Pouvez-vous nous parler de votre expérience dans la création d’une relation commerciale vertueuse et des engagements qui sont pris avec les producteurs ?
L’expérience de Biocoop, dans la création de relations vertueuses, réside dans la coopération et ce depuis ses débuts. C’est notre socle, notre conviction ! Notre monde pose le défi d’un profond changement de modèle, que seule la bio est en mesure de relever. Et ce défi, nous ne pourrons le relever qu’ensemble. Le modèle coopératif nous a permis au fil des années de créer une section agricole (20 groupements de producteurs à date et 2 producteurs sociétaires siègent au conseil d’administration) – en plus des sections magasins, consommateurs et salariés -. Nous avons, autour de la table, toutes les parties prenantes « de la fourche à la fourchette ». Ainsi, nous pouvons définir le partage de la valeur sur toute la chaîne et sortir de relations uniquement commerciales. Notre ambition est claire et affirmée : être l’un des acteurs majeurs de la transition vers un monde plus solidaire et responsable.
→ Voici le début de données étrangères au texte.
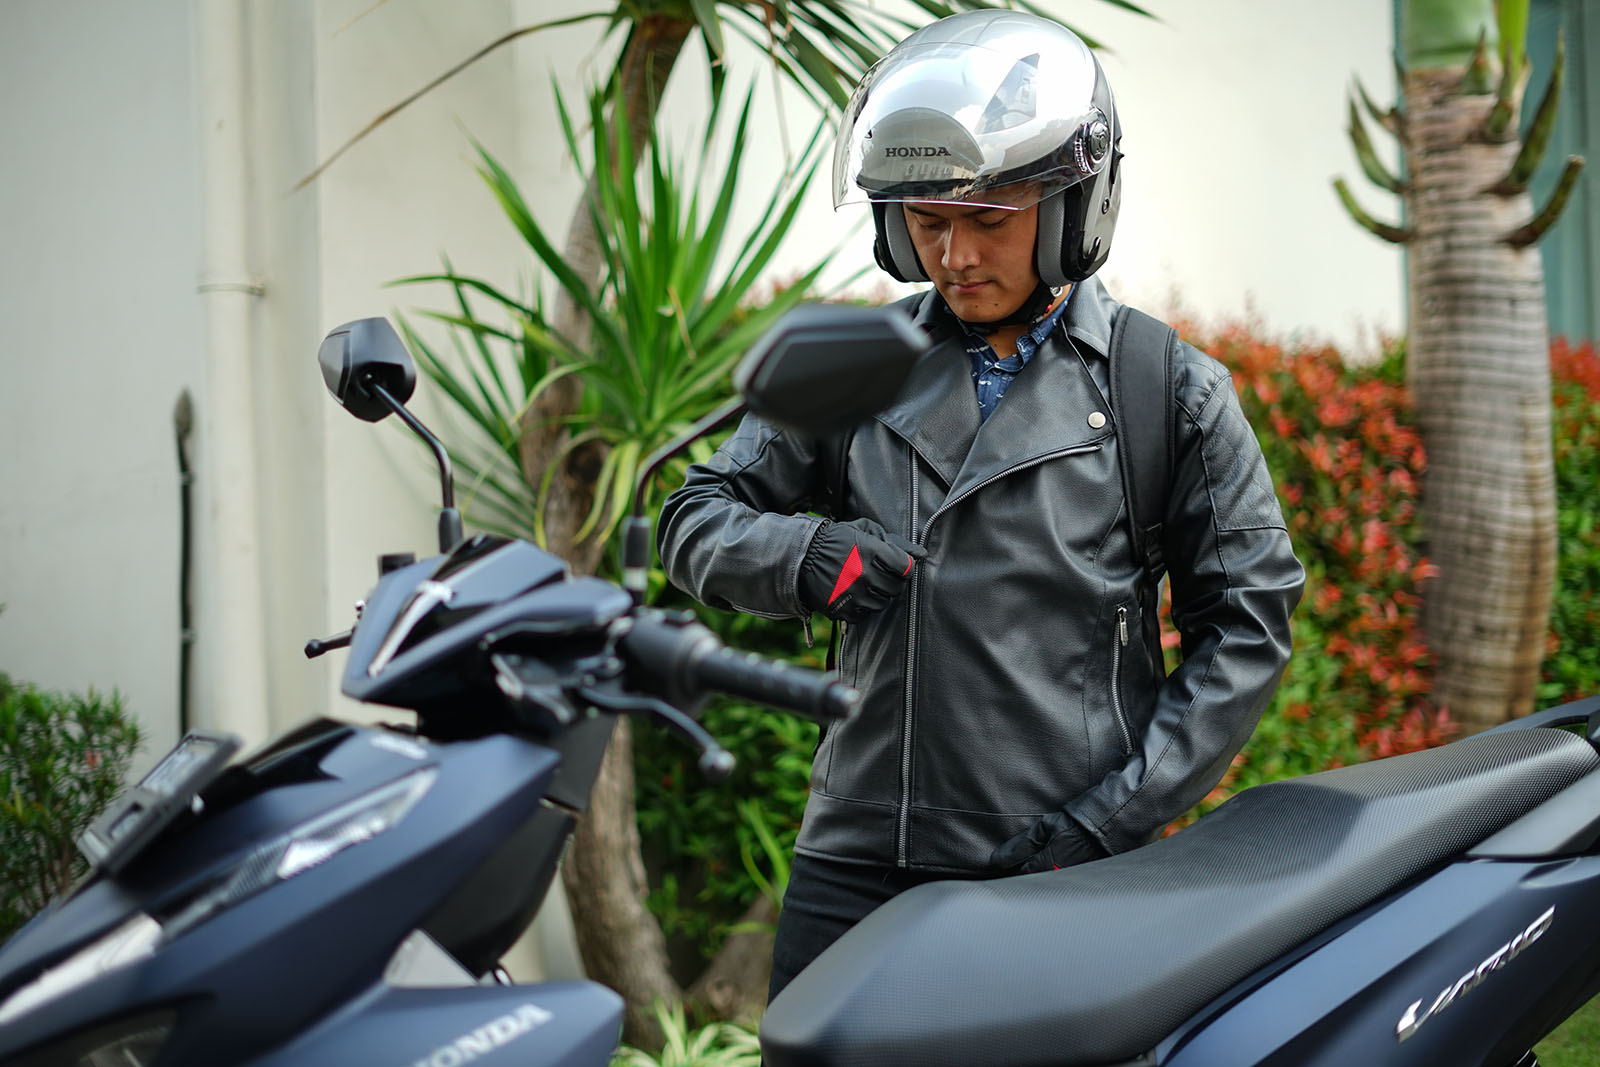 Mudik Pakai Sepeda Motor, Hindari Bawa Barang Berlebih

Le « ensemble » est au coeur de notre organisation, de notre projet sociétal.
Concrètement, en magasin, nous avons une marque («Ensemble») qui caractérise un cahier des charges commerce équitable Origine France, qui édicte ces règles de partage et de préoccupation autres qu’économiques. Ainsi, les producteurs s’engagent au 100% bio, à ne pas faire appel à des travailleurs détachés et la coopérative Biocoop reverse 1% du Chiffre d’Affaires de ces ventes aux groupements de producteurs pour leur structuration et leurs projets (cela a représenté près de 900 000€ en 2018).
Pensez-vous que le salut des agriculteurs se trouve dans les mains des consommateurs ? Et qu’une augmentation de la participation des citoyens aux décisions alimentaires et agricoles est nécessaire ?
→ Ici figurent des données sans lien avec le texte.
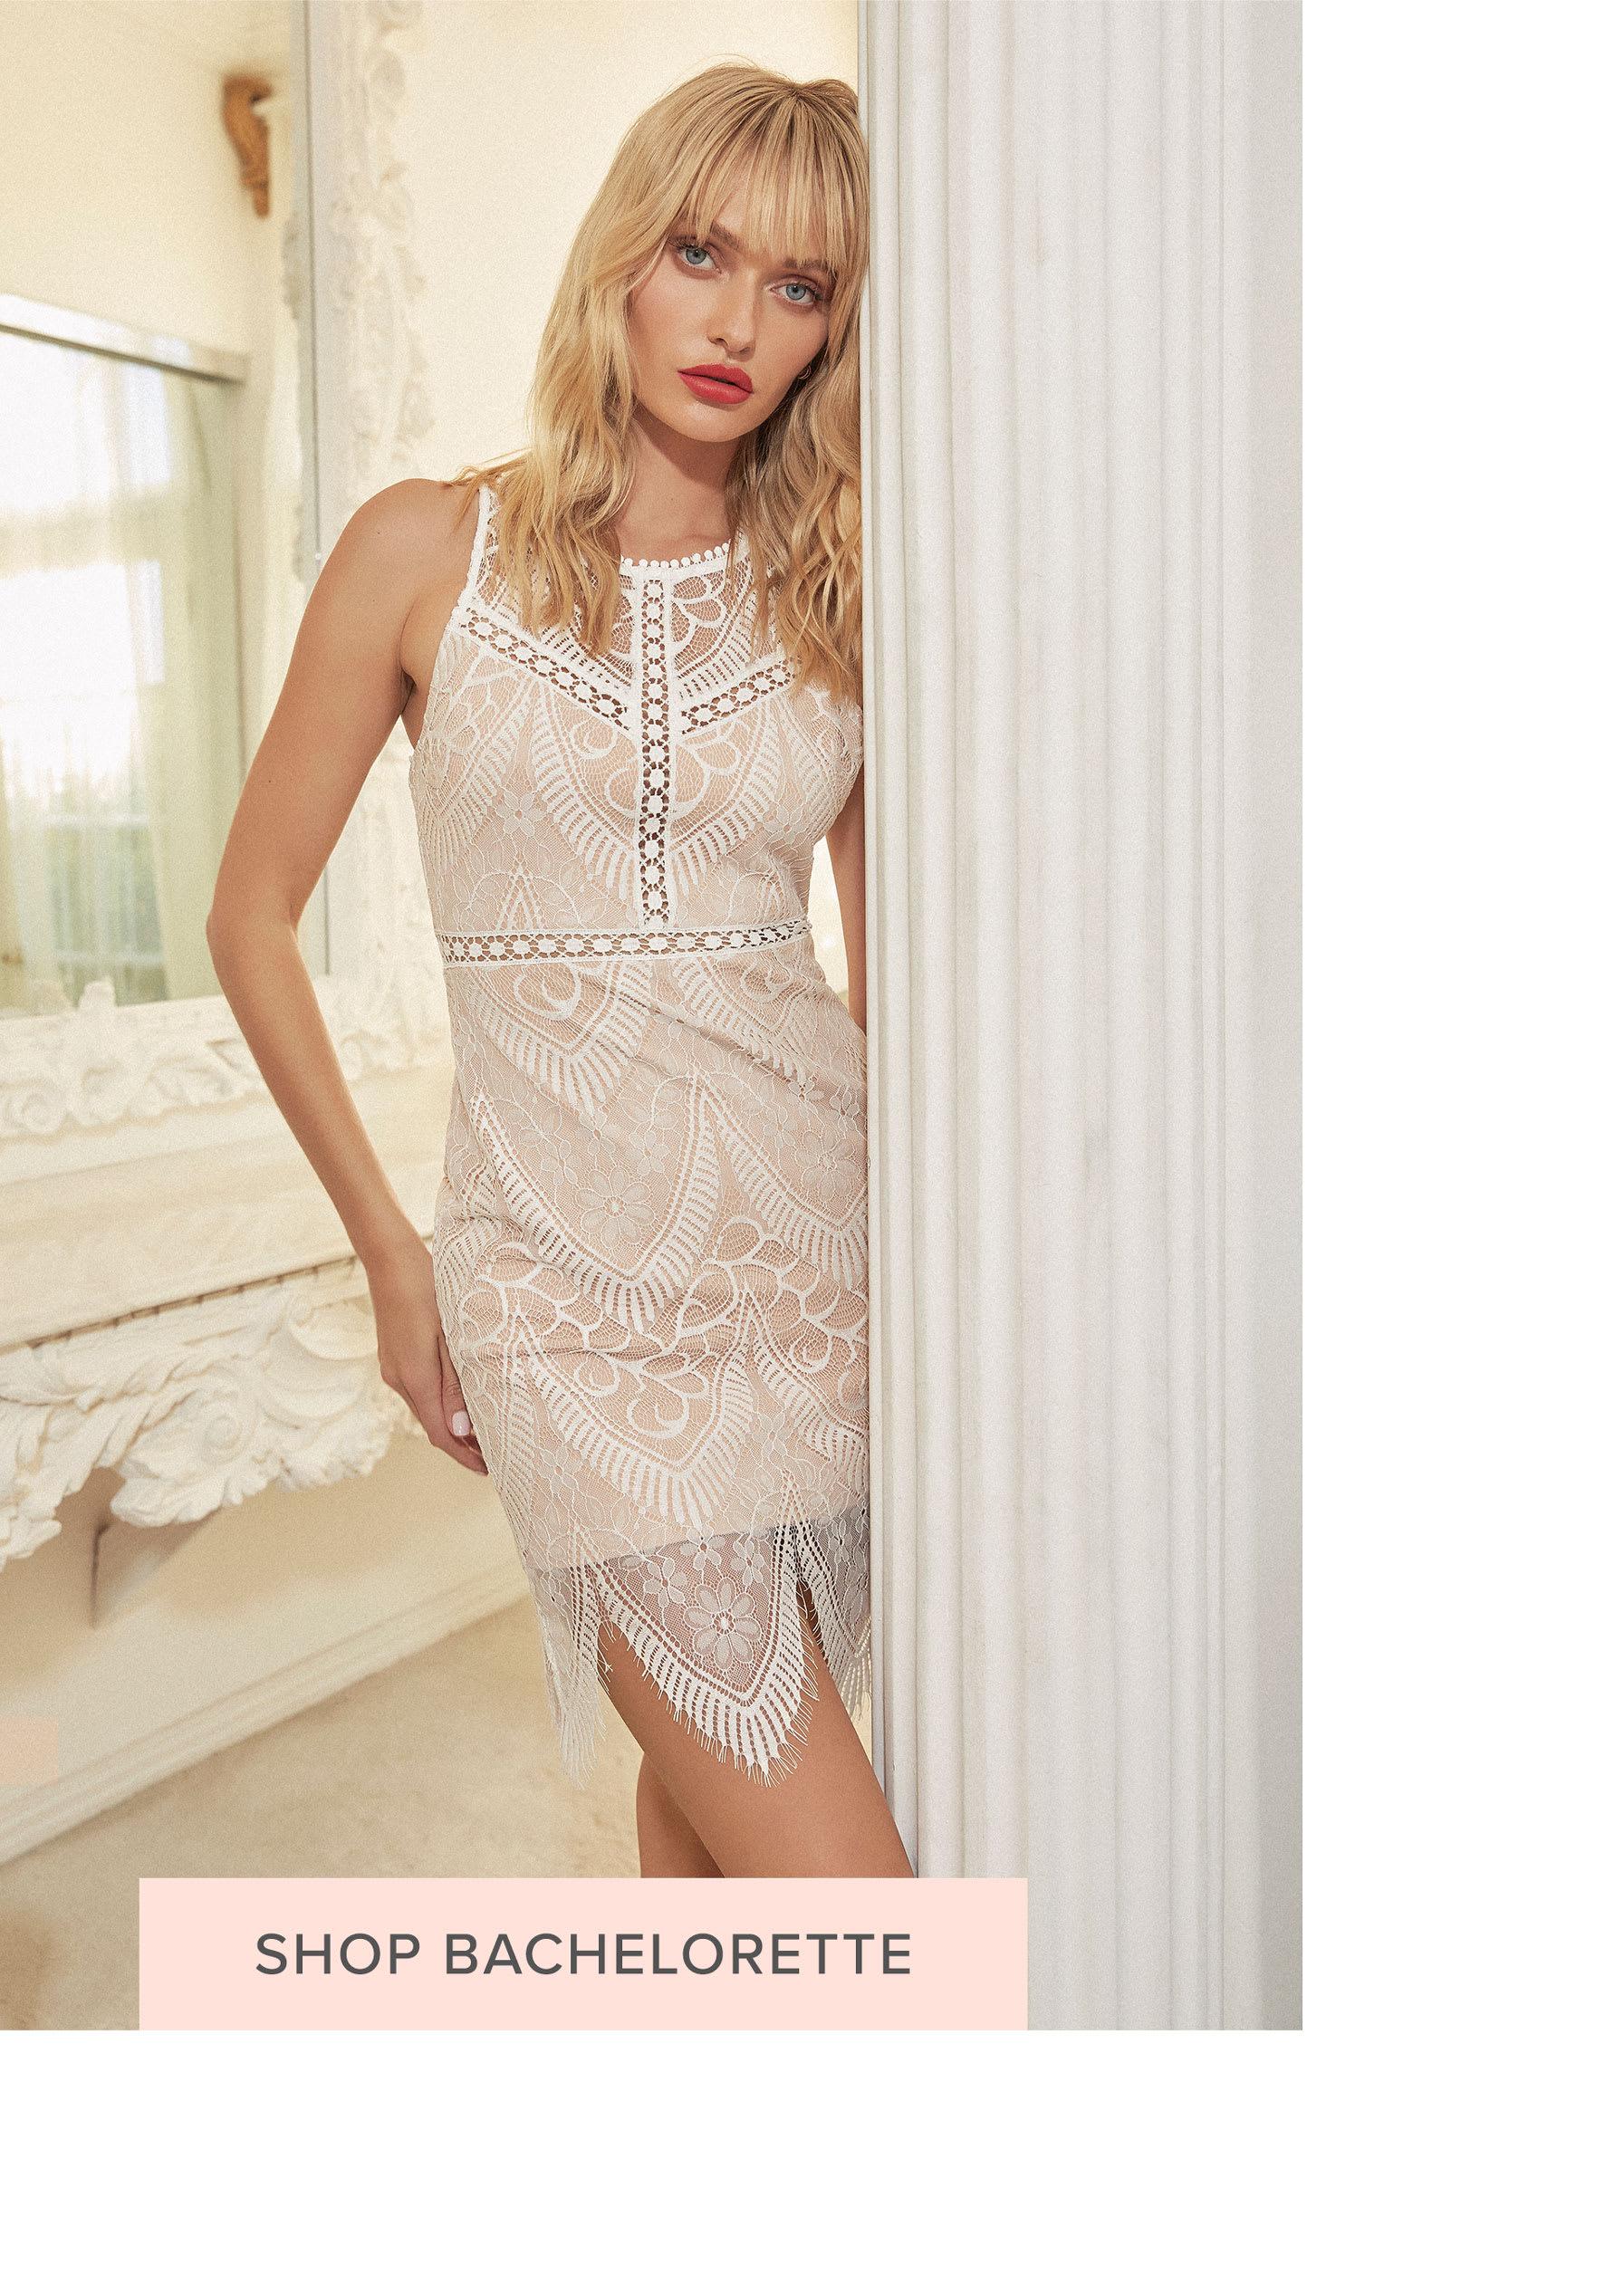 7abf5019fe women in satin and lacey lingerie set Shop Bridal Shower Dresses bride in  short white lace bachelorette party dress

Biocoop intègre le consommateur dans sa gouvernance et son conseil d’administration. C’est unique en Europe et important à souligner. Nous voulons bousculer les lignes en intégrant le consommateur dans le processus de partage de la valeur… Mais cela demande de la pédagogie. Ecouter la sensibilité première des consommateurs pourrait nous orienter uniquement sur des questions de prix. C’est ce qu’a fait la grande distribution et nous savons que cela nous a amené à de la destruction de valeur économique, environnementale et qualitative.
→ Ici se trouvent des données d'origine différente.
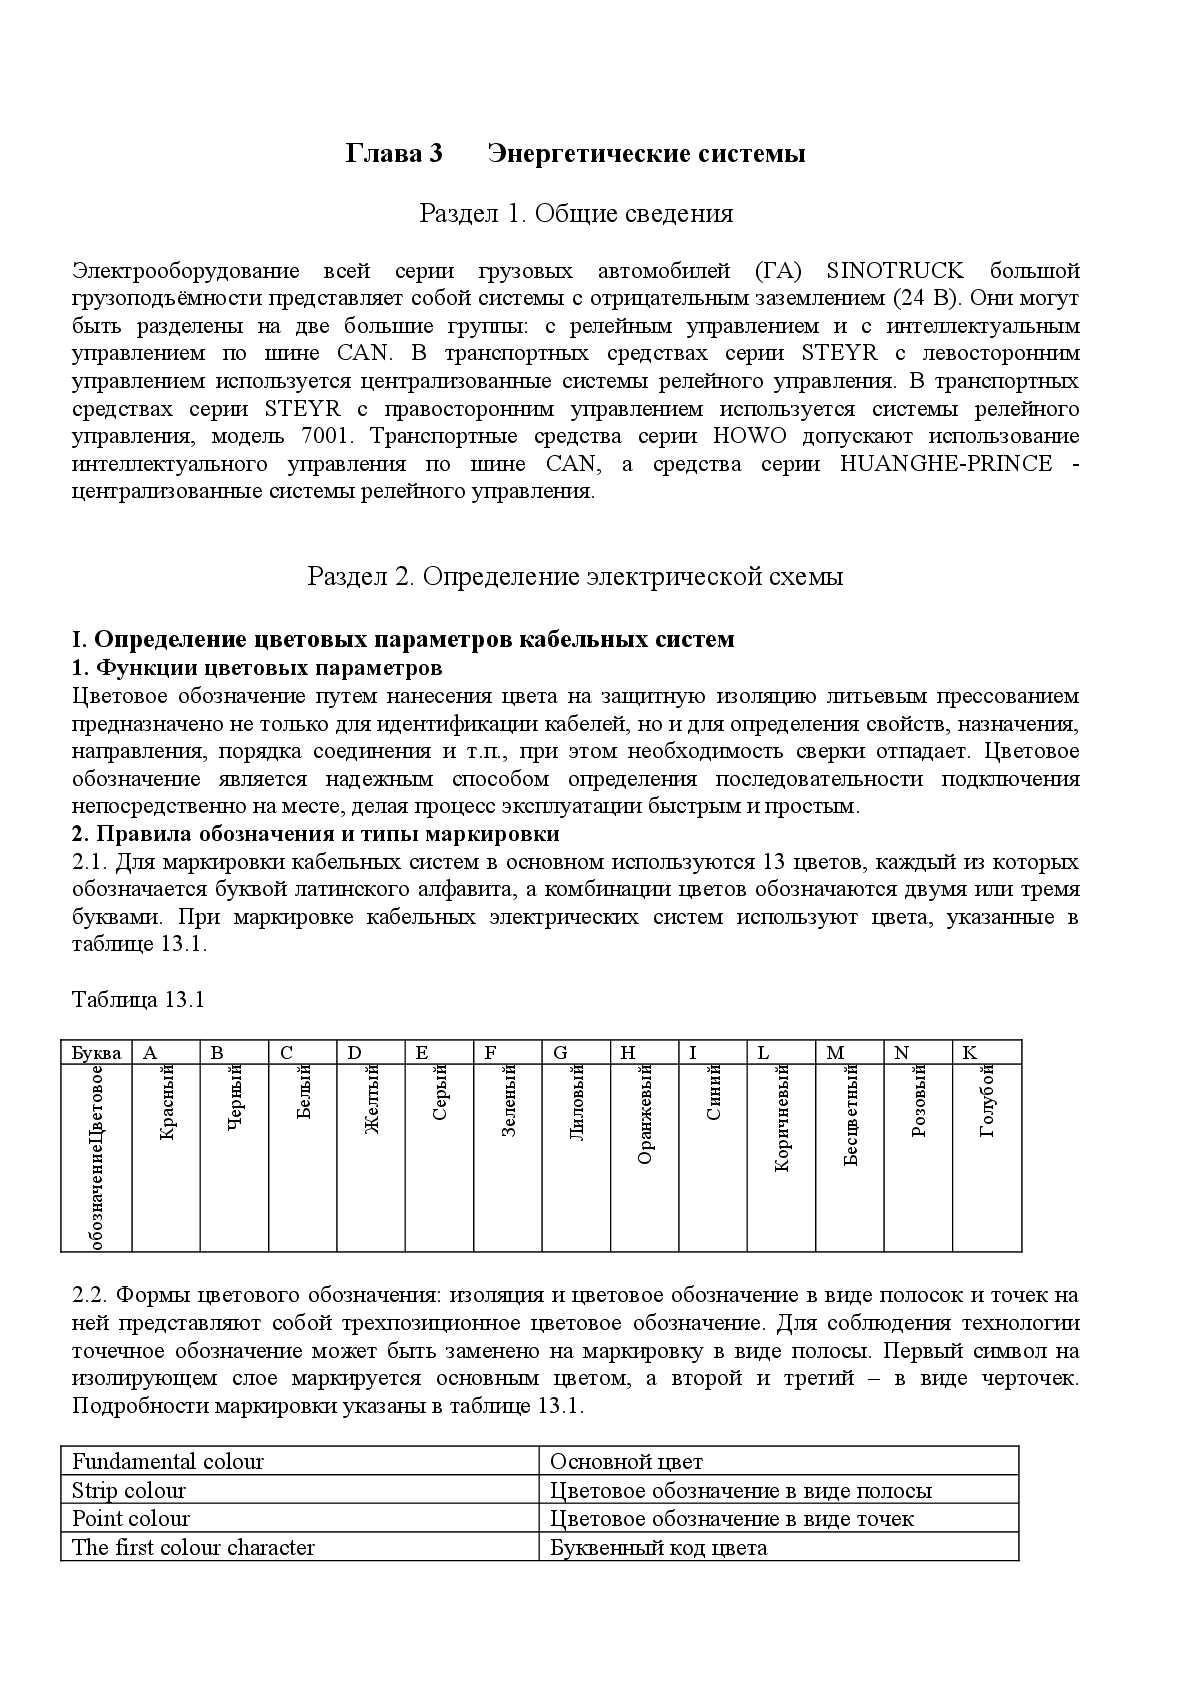 расшифровка радио обозначений на схемах

Aujourd’hui, les consciences ont changé : l’acte d’achat est un acte «politique». Nous pouvons orienter les productions, les provenances, relocaliser l’économie, encourager des modes de production comme le bio, etc. Il faut encourager le citoyen à faire ses courses comme il se rendrait aux urnes, plutôt que dans une simple logique de consommation.
Notre modèle politique n’est pas construit pour une participation active des citoyens sur les différents sujets. C’est pourquoi, la participation citoyenne ne pourra qu’être locale et coopérative. C’est la force d’un réseau comme Biocoop qui allie projets de territoire et enseigne nationale (avec charte et cahier des charges). Nous aurons besoin de notre classe politique qui manque malheureusement de courage pour les questions de mutations de société. Car au-delà du modèle agricole, c’est bien vers une mutation de la société qu’il nous faut nous engager. Et nous n’avons même plus une génération pour le faire. Cela nous concerne tous.